I've been carving artificial pumpkins for the past few years, so fire as a light source is out. I don't think that artificial candles are bright enough. I have tried a couple of other battery powered pumpkin lights but they're just not bright enough. I do have a string of nightlights that I use, and they work OK, but i want a cordless option. And it needs to be bright enough to be visible in a moderately lit room.


----------



## lildave (Sep 24, 2008)

use a 1 watt and a 555 timer (for flicker)or a few 555 for more random


----------



## 83Venture (Sep 25, 2008)

Iv'e used an EternaLight on Dazzel mode that works pretty well. Opened the mail box and put it inside and placed a mask over it and that worked too.


----------



## StarHalo (Sep 25, 2008)

83Venture said:


> Iv'e used an EternaLight on Dazzel mode that works pretty well.

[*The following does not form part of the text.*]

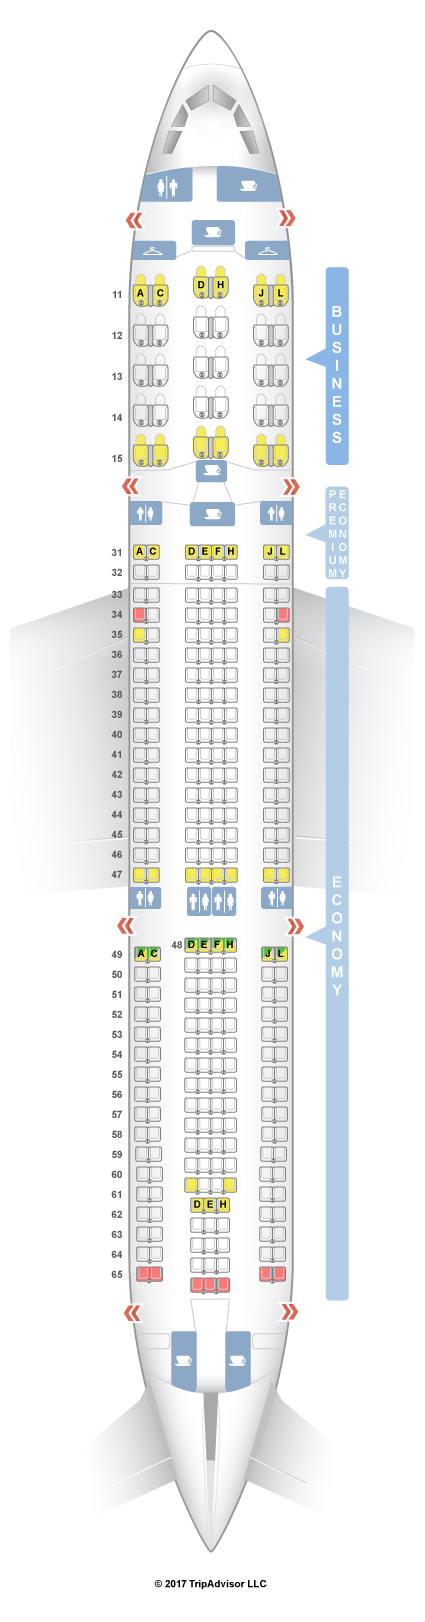 China Air Seating Chart

Ha, I forgot about the EternaLight! An EternaLight Rave'n2 would give you the most unique pumpkin in your county.. oo:


----------



## qwertyydude (Oct 9, 2008)

I think this is a good application for one of those lights that cycles through different colors too.


----------



## Gorgon5 (Nov 10, 2008)

83Venture said:


> Iv'e used an EternaLight on Dazzel mode that works pretty well. Opened the mail box and put it inside and placed a mask over it and that worked too.



Ha! I did the same thing with my pumpkin! It caused me to "rediscover" my ErgoMarine, and it looked great. Although I wish I knew why a couple days later it started not turning off and had hot batteries when I decided to take them out...


----------



## pitman2 (Sep 8, 2009)

Ok, it's near that time of year that I'm thinking about this again. I bought a few of these Cree LEDs. And now I'm trying to find resistors for them. I'll be running them off of three AA batteries and the LED calculator states that I need a 1.5ohm 2watt resistor to run it at 3.5v @ 750ma. Since I can't find this resistor locally I'll have to order it online. But because I have to order it online, I'm wondering if I should just purchase a regulated circuit board or something. Opinions?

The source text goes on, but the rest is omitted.